As our understanding of human defense mechanisms against pathogens – such as bacteria, viruses and fungi – develops, it is becoming increasingly evident that immune responses are much more than mere anti-infective tools. Immune cells not only defend us against external threats, they also protect us against internal threats. The clearest example of the latter is the role of immune surveillance in preventing tumor development. In addition to surveillance, the immune system participates in important processes that maintain homeostasis, such as tissue development and repair.

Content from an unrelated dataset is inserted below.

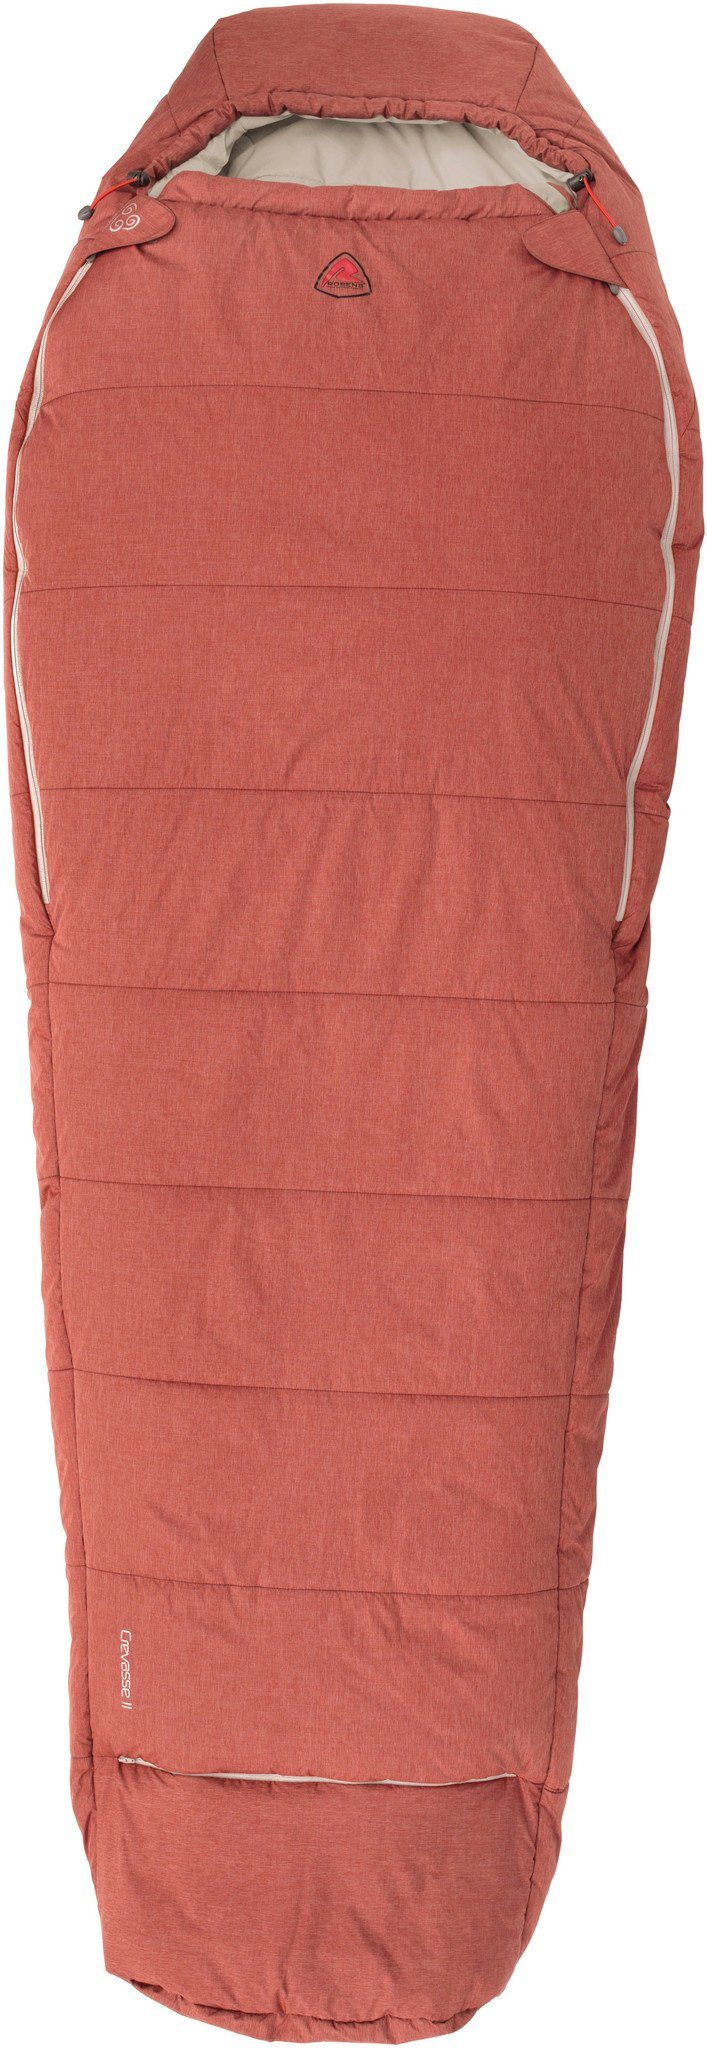 Robens Schlafsack »Crevasse I Sleeping Bag«

Experimental and clinical studies have uncovered well-defined types of immune dysregulation occurring in different types of diseases. One concept that has rapidly gained consensus is that autoimmune and inflammatory diseases are caused by inappropriate activation of immune mechanisms at the wrong time and at the wrong place. On the other side of the immune dysregulation coin, failure of the immune system to combat malignant processes due to immunosuppression compromises the mechanisms that lead to tumor elimination.

 

In the past decade, a growing body of evidence has uncovered primitive memory features of our innate immune system. Upon exposure to certain microbe-associated molecular patterns, particularly myeloid cells become more resistant to subsequent unrelated infections. This innate immune memory, first described in individuals that were BCG vaccinated, is called ‘trained immunity’. Trained immunity owes its longevity to progenitors in the bone marrow, which undergo metabolic and epigenetic rewiring to durably produce ‘trained’ myeloid cells.

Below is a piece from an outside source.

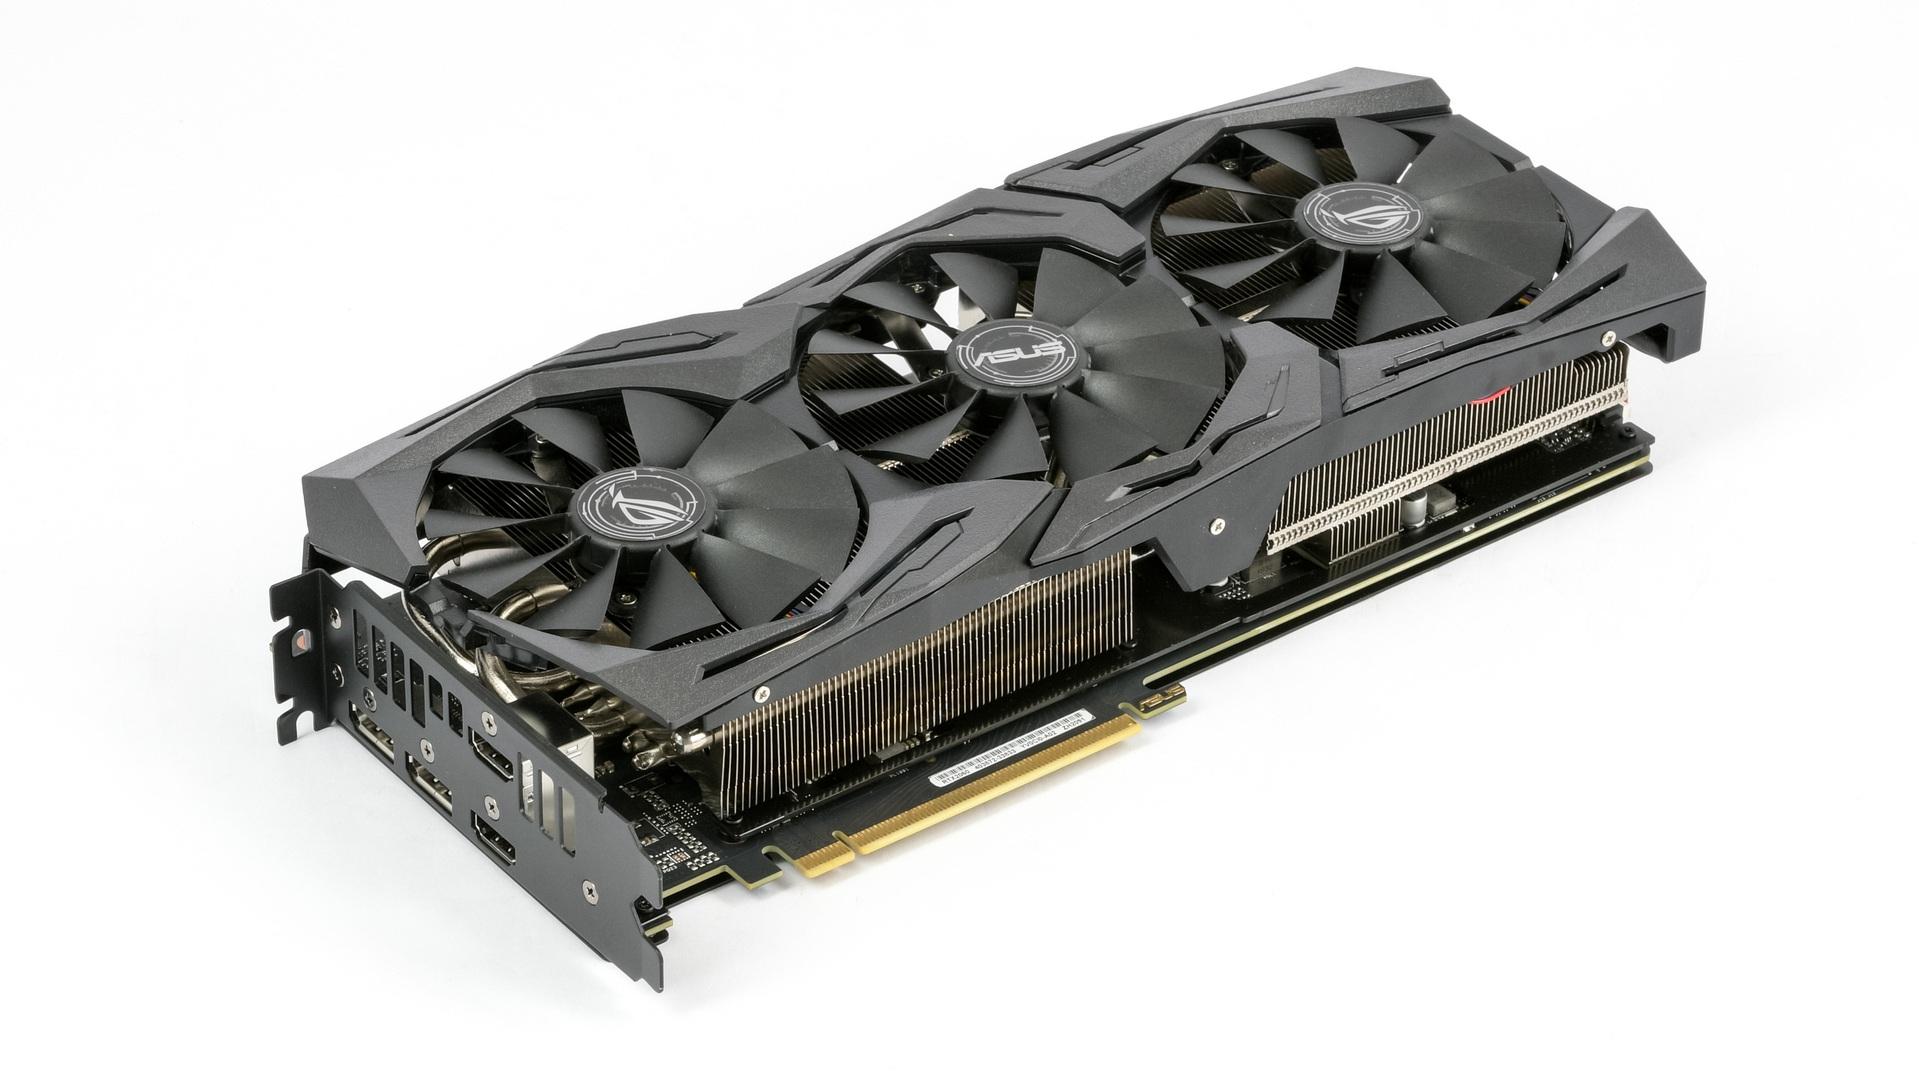 Asus ROG Strix GeForce RTX 2060 O6G Gaming v testu

IMMUNOTHERAPY & NANOBIOLOGIC THERAPEUTICS
The immunotherapy revolution provides hope to patients who were previously deemed uncurable. Immunotherapy involves mobilizing specific compartments of our immune system to fight off disease. While the current clinical successes are achieved with immunotherapy strategies targeting the adaptive immune system, TTxD focuses on therapeutically regulating innate immune responses by controlling myeloid cell function at the site where they generated, the bone marrow. Myeloid cells are a major cellular compartment of the innate immune system comprising monocytes, dendritic cells, neutrophils and macrophages. TTxD targets myeloid cell function to combat some of today’s most detrimental diseases, including cancer and hyperinflammation in COVID-19 and after transplantation.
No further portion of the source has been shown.